Since Yates cannot see Simpson, the two rely on jerking the rope as their only form of communication. But as Simpson is lowered into a huge crevasse, the rope loses its slack—and their communication is gone. Yates' cracking hands cannot hold his partner anymore, and Simpson's mere weight is causing him to lose footing. They call out to each other, but cannot hear anything, because of the distance between them and the mountain's very loud winds. After no word from his partner, Yates assumes he is dead. To save himself, Yates cuts the rope.

This decision we discover is one of the most controversial moves in mountain climbing culture, and has subjected Yates to a huge amount of criticism. Joe Simpson, of course, was still alive, in an icy cave, crippled, freezing, and without hope.

Here is where Touching the Void ceases to be about “mountain climbing,” and begins to explore what dehydration, pain, exhaustion, and desperation can do to the human psyche. Hours run into days, and Simpson makes his way on his back through miles of snow and rock. As he becomes more reflective and delusional, the sound, camera, and lighting turn more surreal. Simpson comes to realizations about life, God, and even laughs at himself as a random and ridiculous tune (“There's a Brown Girl in the Ring” by Boney M) creeps into his head, mocking him. “Christ,” says Simpson via voiceover, “I'm going to die to bloody Boney M!”

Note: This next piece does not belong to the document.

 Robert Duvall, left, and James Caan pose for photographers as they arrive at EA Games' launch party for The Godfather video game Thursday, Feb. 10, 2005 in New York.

We know that Simpson gets rescued somehow, because he is speaking to us. His rescue, however, becomes secondary to the fascinating trip Simpson's 25-year-old mind is taking—certain that he is going to die, but instinctively not giving up. You start to ask yourself, “Would I blame anyone in the end? Would I suddenly adopt or quickly abandon any spiritual belief? What song would creep into my head, guiding me into death—would it be my favorite aria, or a random UB40 tune?” These questions are important to all of us, regardless of whether or not we have ever climbed a mountain, or even hopped a fence. During this sequence, among the swirling questions in my head, were two prominent thoughts: 1) Simpson is very brave. 2) Director MacDonald is wickedly shrewd.

Because Touching the Void plays on universal emotion and dilemma, it is accessible to any viewer. However, if you are hell bent on making this a “mountain climbing and rescue” experience, he provides you with definitions and concepts specific to the mountain-climbing milieu. As you see slow pans of magnificent ice-capped peaks, Simpson describes vertical powder, meringues, mushrooms, cornices, Alpine-style climbing, making beds out of snow caves, and how to properly prepare potable water in sub-zero temperatures.

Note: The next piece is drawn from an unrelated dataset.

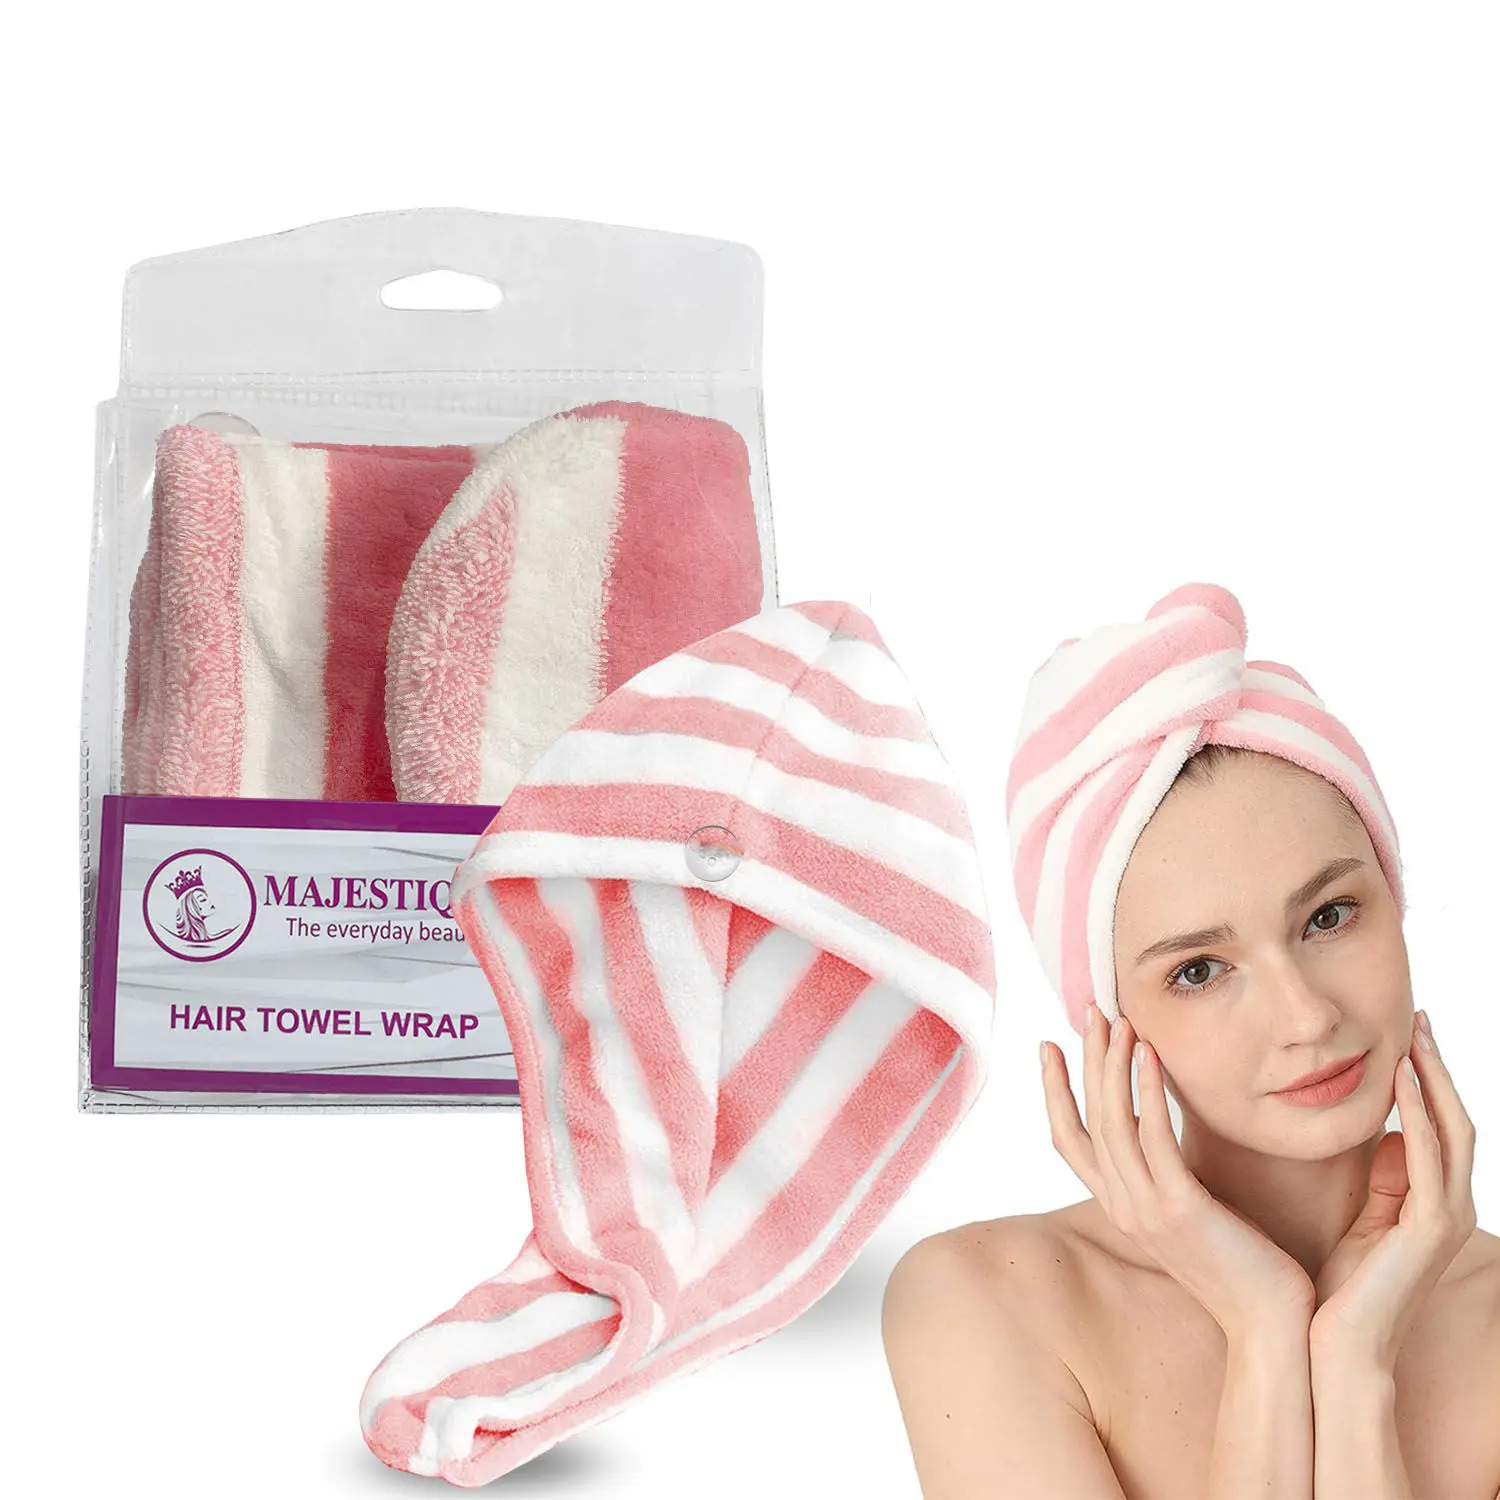 Majestique Quick Hair Towel Wrap Turban for Curly, Long, and Thick Hair BA211- Men and Women - Color May Vary

When Simpson finally reaches base camp, it is almost anti-climactic. In the end, MacDonald spares us traditional drama and makes us work a bit for the film's ultimate meaning. In an era obsessed with ways to capture “reality,” MacDonald rightly uses documentary to reinforce larger truths and ironies—what Simpson has learned; what Yates has to bear; and how through the cutting of a rope, two men are permanently linked.

We have a question, though. Where were the walkie talkies?

Review © February 2004 by AboutFilm.Com and the author.